Print only the lines from the one with "Shapely pair of" through the end of the data, exactly, and please omit pictures.

## Given information
- Opening Delimiter -

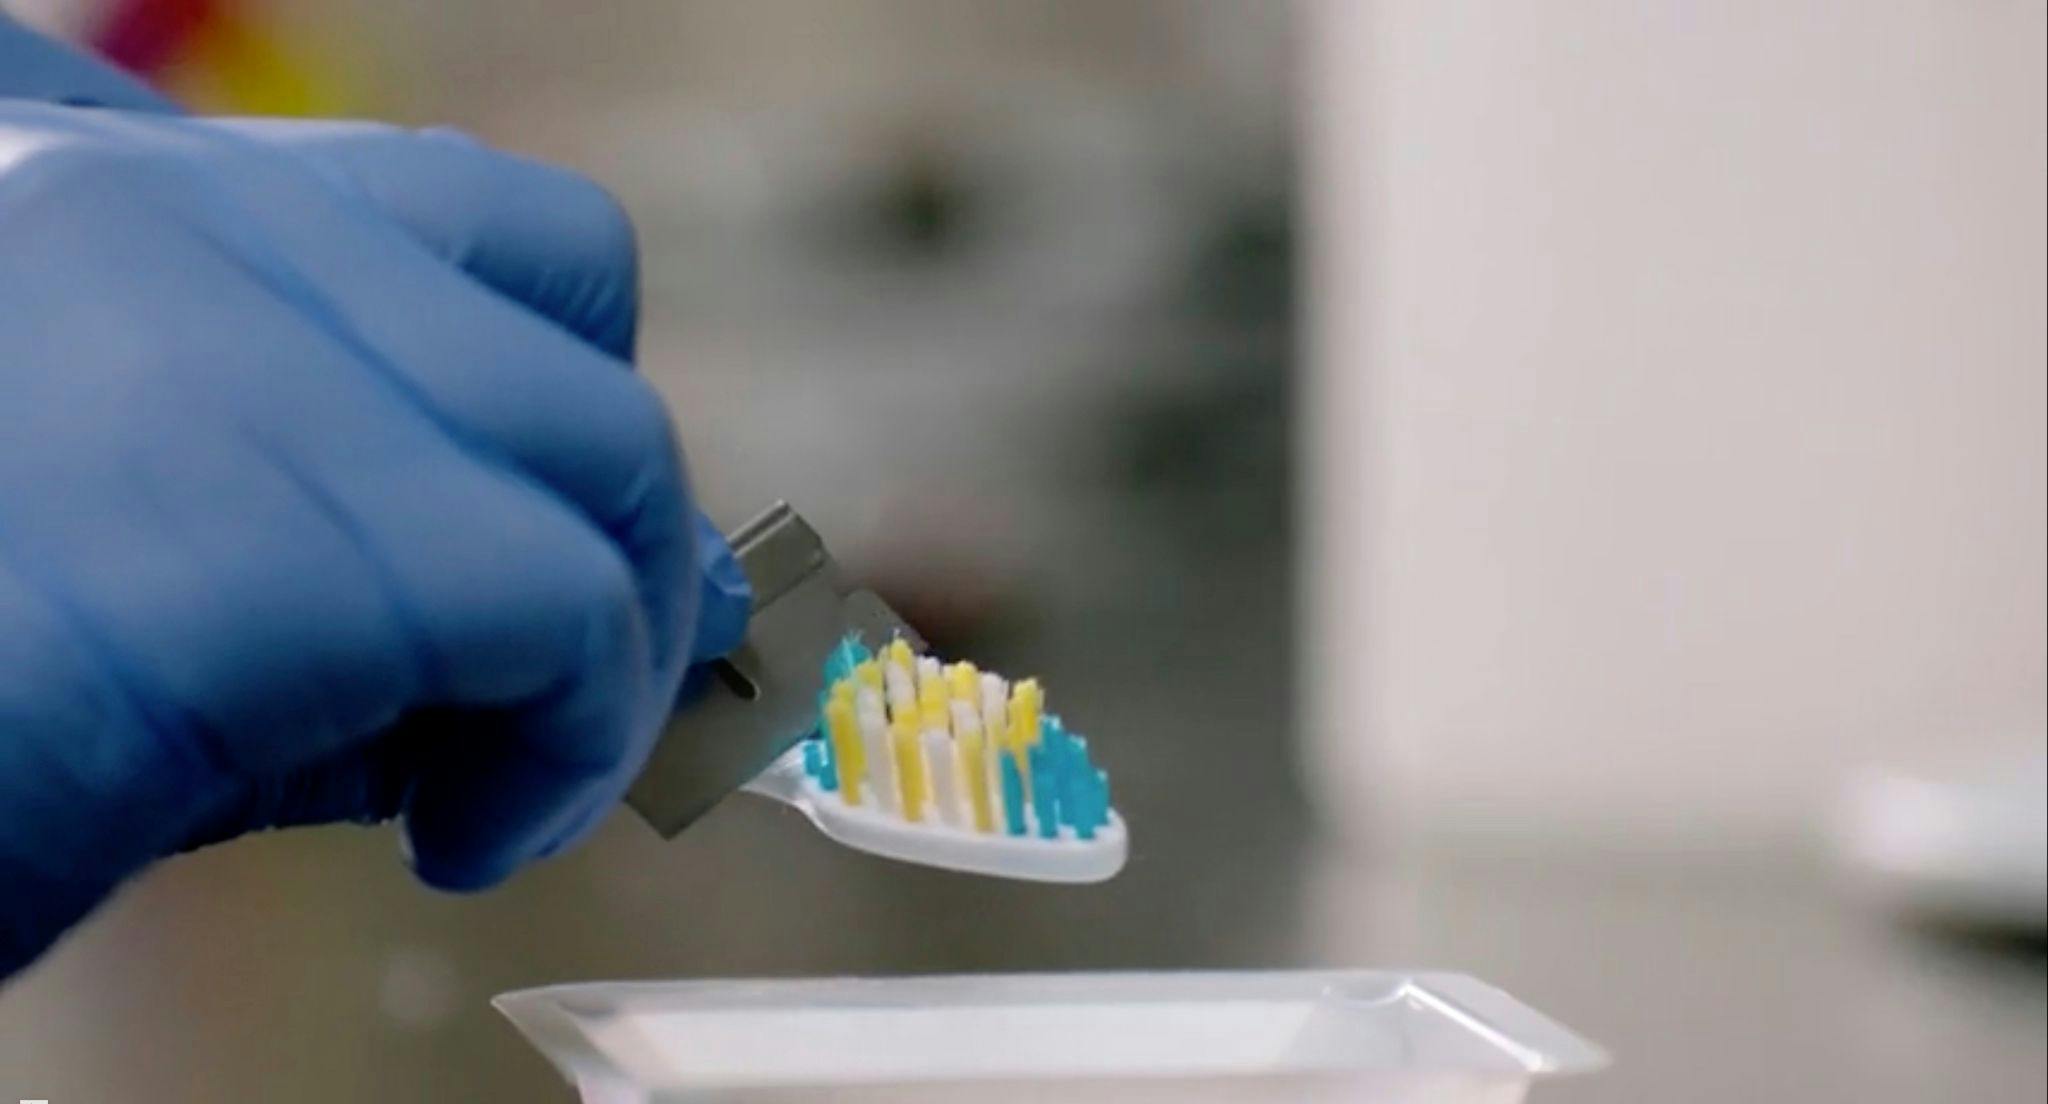 NU study on toothbrushes and microbes.
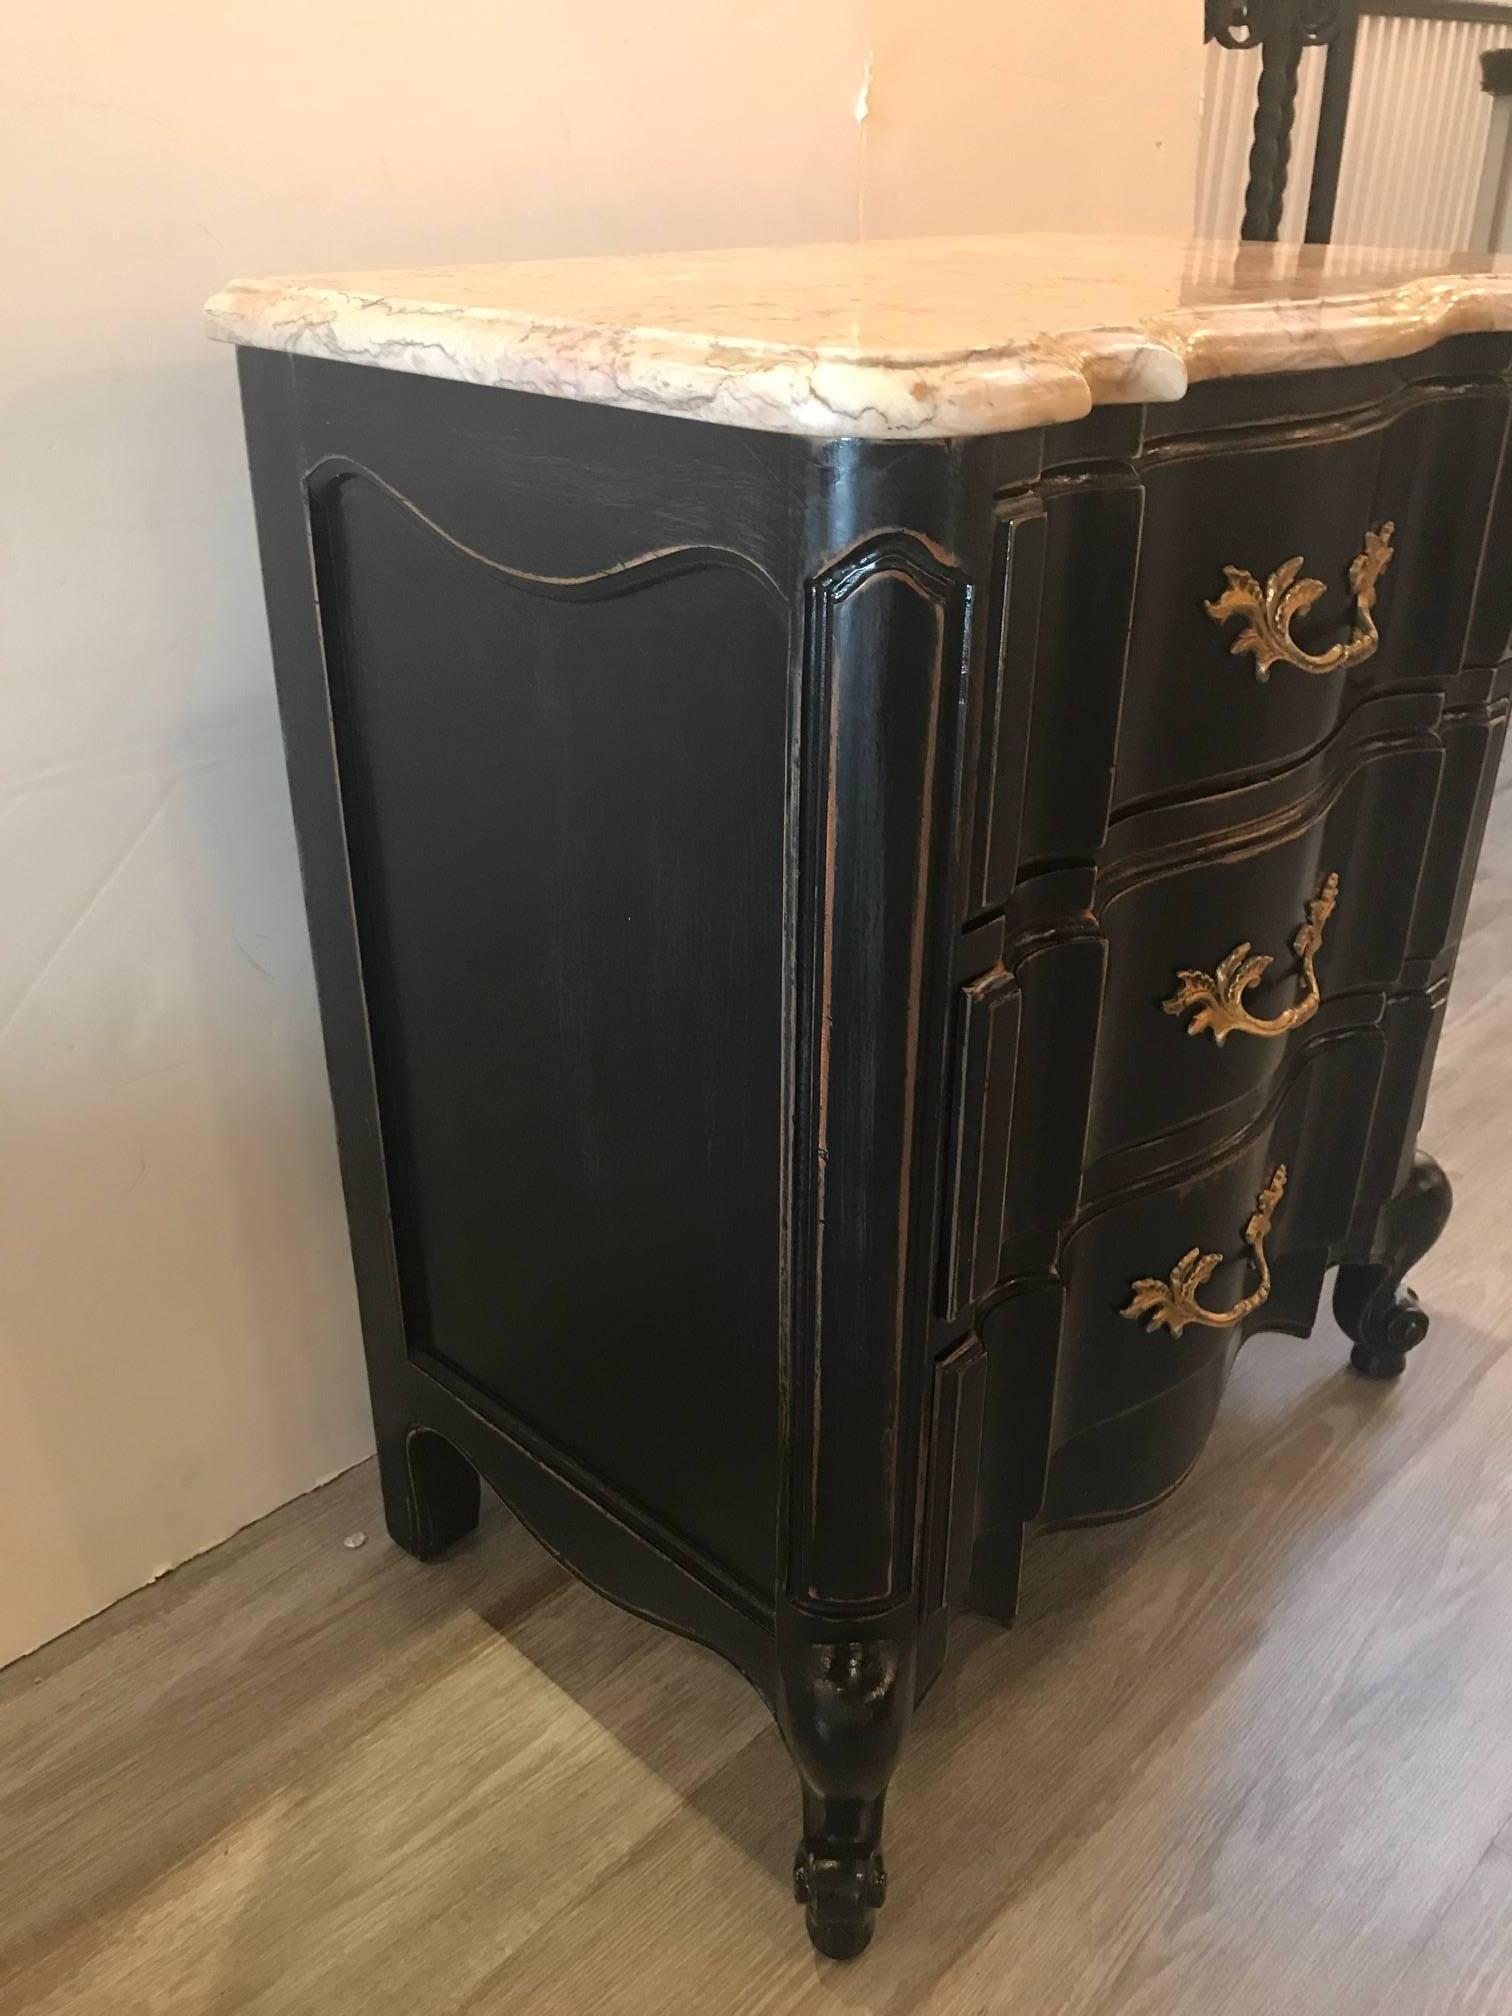 Shapely pair of French Provincial style drawer stands with original marble tops. The distressed black finish with cast brass handles featuring three drawers on each. One marble top has a professional repaired crack done well and blends beautifully.
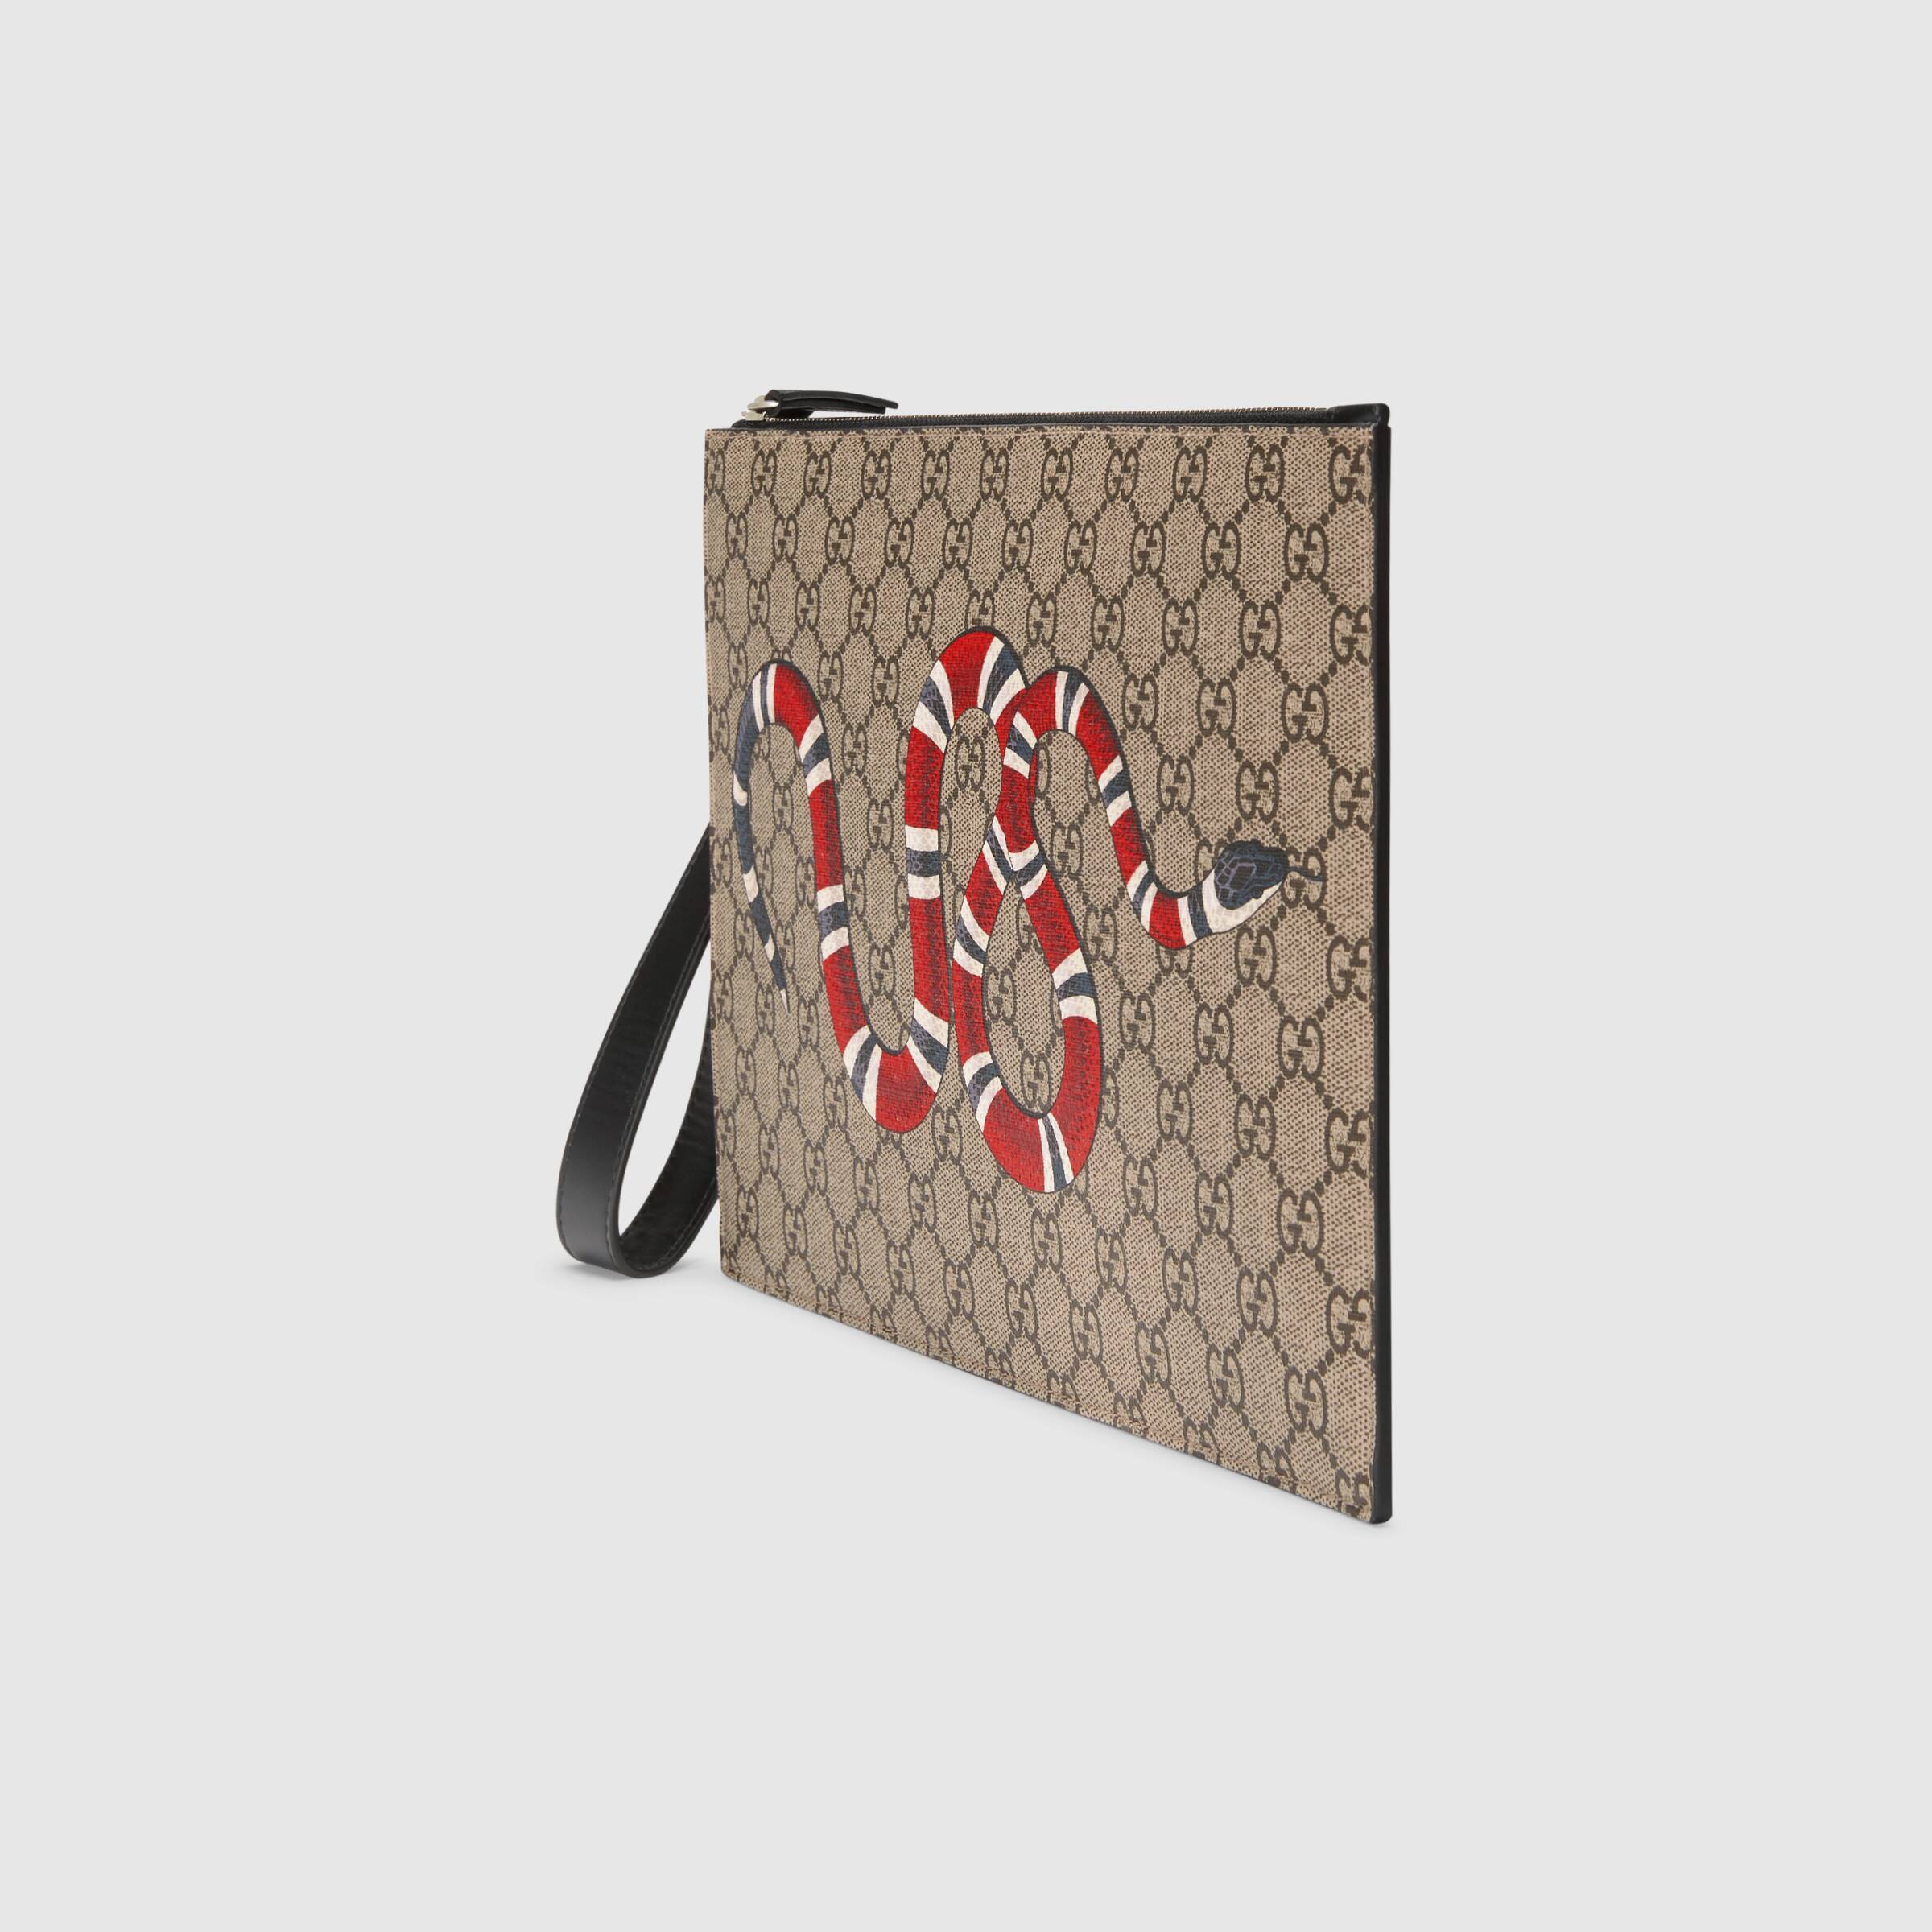 Gucci Bestiary Pouch with Kingsnake

- Closing Delimiter -

## Expected answer
 Shapely pair of French Provincial style drawer stands with original marble tops. The distressed black finish with cast brass handles featuring three drawers on each. One marble top has a professional repaired crack done well and blends beautifully.
 Gucci Bestiary Pouch with Kingsnake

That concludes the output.